The Court will generally not interfere with a credibility decision. That is, if the tribunal decided that it believed one person over another, the Court will rarely interfere.
Procedural Fairness Errors
Tribunals are often given the power to create their open procedures. This is why each tribunal has its own rules and way of doing things. However, they still have to follow basic principles of fairness. If the process they follow is found to be unfair, the Court may review their decision.
Basic fairness involves the right to an impartial decision maker, the right to know the case and have the opportunity to respond. It could also include the right to counsel, the right to an oral hearing and to formal written decisions, but not always.
Confusingly, what counts as fair tends to depend on the circumstances. There is a lot of case law on this point, so we recommend getting legal advice if you are not sure what level or procedural fairness is required in your case. Generally, the more serious the potential outcome the tribunal’s decision could have, the more strict and “court-like” their procedures should be.
Standard of Review
The “standard of review” is an important legal concept in judicial review hearings.
The standard of review tells the judge how serious an error has to be before the decision can be reviewed. In other words, the judge uses it to decide whether the tribunal made a type of error that warrants court intervention.
There are three standards of review in British Columbia:
- Correctness: This means that the judge will decide if they agree with the tribunal’s decision, and may set aside the decision if they did not. This is the lowest standard of review, so the Court may be more willing to review an incorrect decision.
- Reasonableness: Here, the question is not whether the judge agrees with the decision. Rather, it is whether the decision itself is reasonable (makes logical sense). If the judge can understand how the decision was made, even if they do not agree with the decision, they will not interfere.
- Patent Unreasonableness: This is similar in nature to reasonableness. However, it requires an even more obvious error to justify interfering. It could mean that the decision is clearly unreasonable or without any factual basis, or that the tribunal acted in bad faith (with improper purpose) or arbitrarily. This is the highest standard.
In most cases, either the “reasonableness” or “patent unreasonableness” standard will apply but it depends on the tribunal, area of law, and what kind of issues the tribunal is dealing with.
You can figure out which standard will apply by reviewing the statute that governs your particular legal issue (such as the Residential Tenancy Act), as well as sections 58 and 59 of the Administrative Tribunals Act. It is also a good idea to consult with a lawyer to understand what standard of review applies in your case.

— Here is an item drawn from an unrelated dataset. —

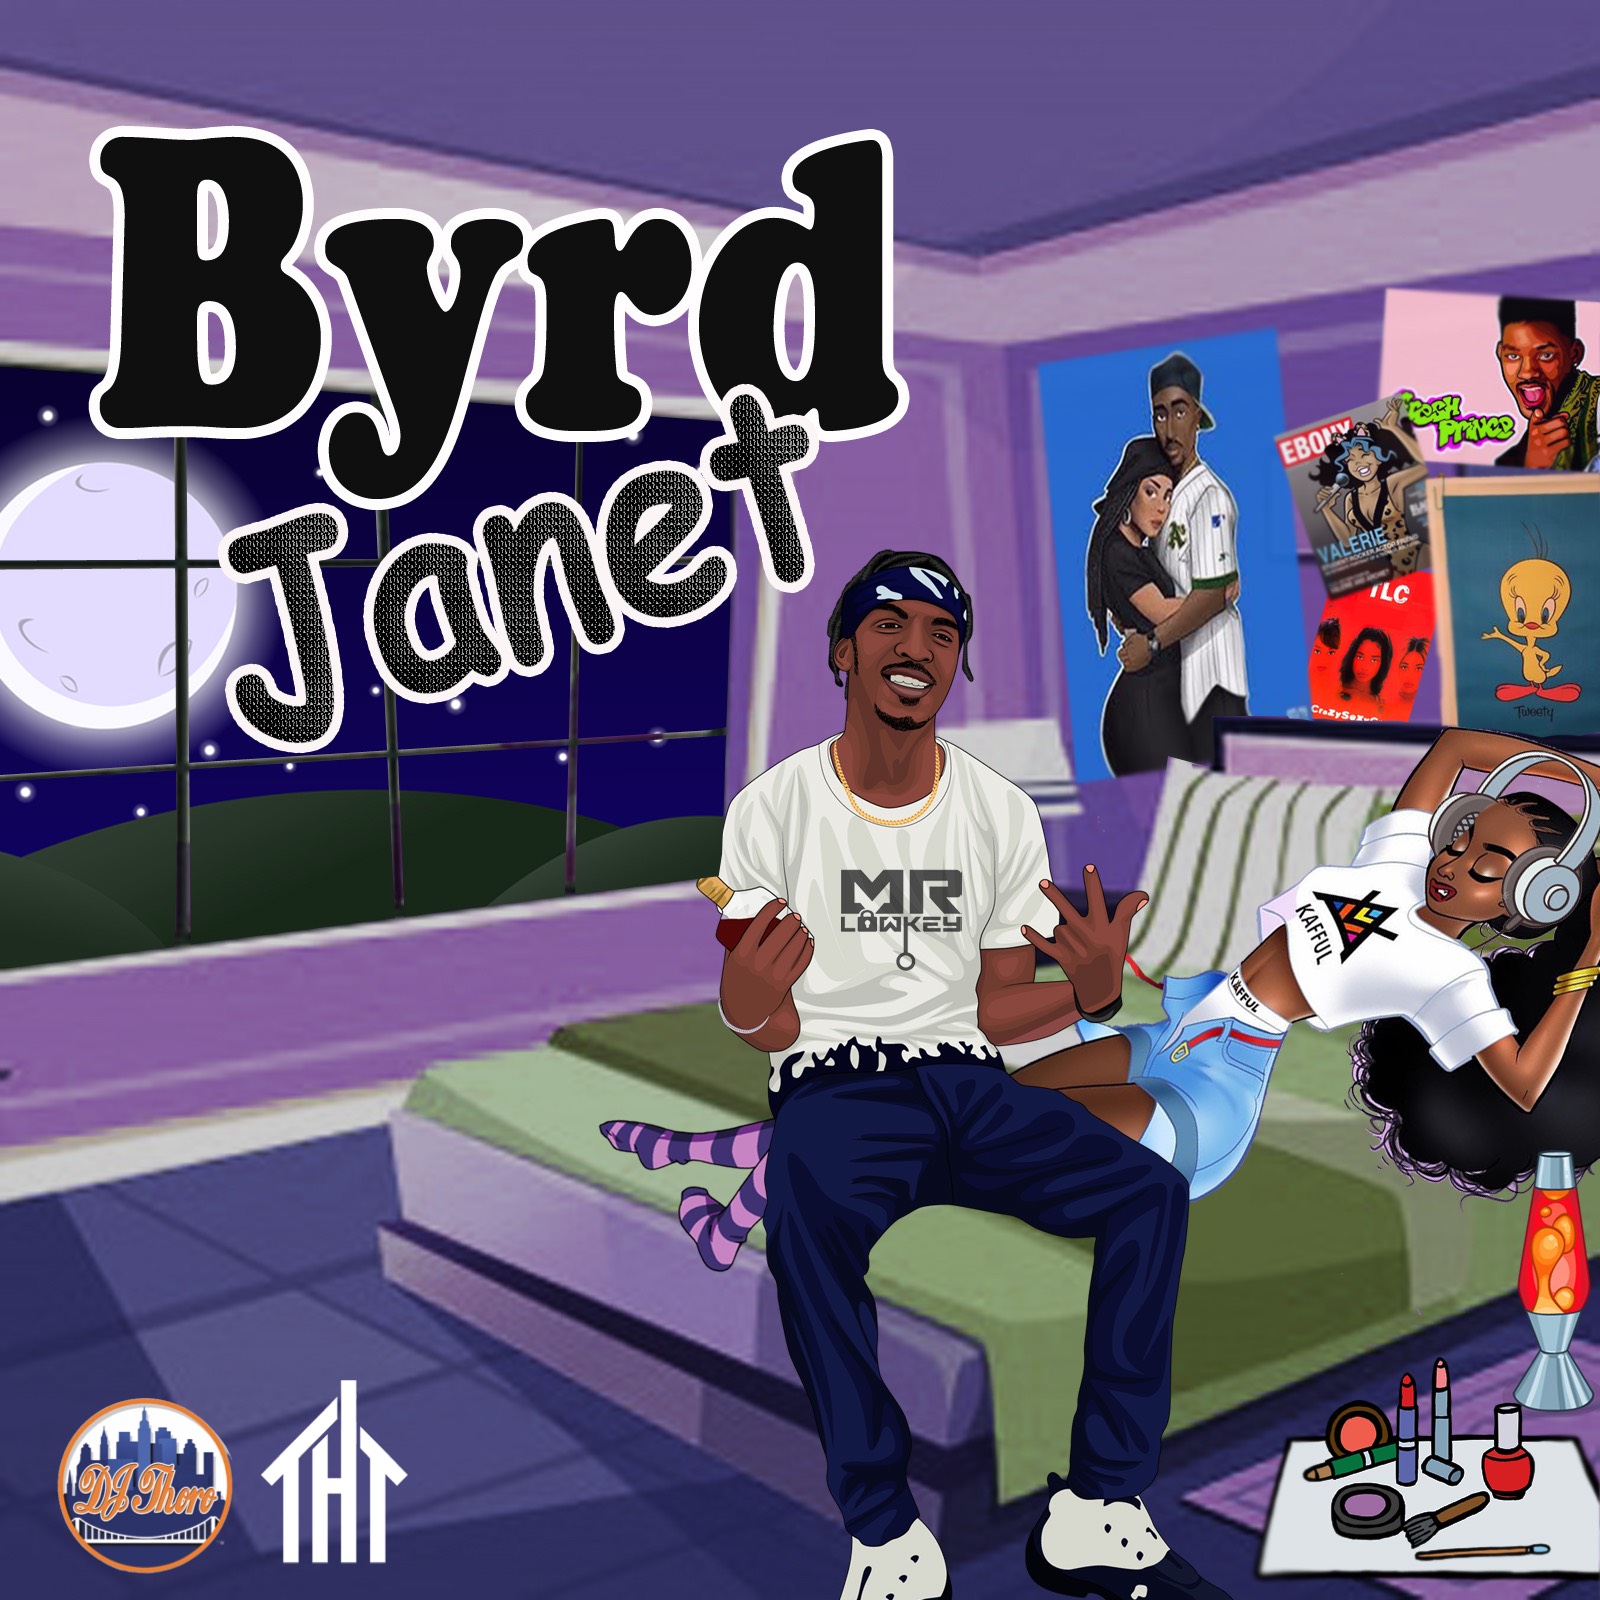 [Single] Byrd ‘Janet’ | @byrdstaylow

In a judicial review, the remedies the Court can give are limited. The Court may not have the authority to give you the remedy that you would like. The Court will usually set aside the decision of the tribunal and order it to hear your case again, without making the mistakes they made the first time. Just because you win your judicial review hearing does not mean that you will win when the tribunal hears your case again. If you lose, the original decision will remain in effect.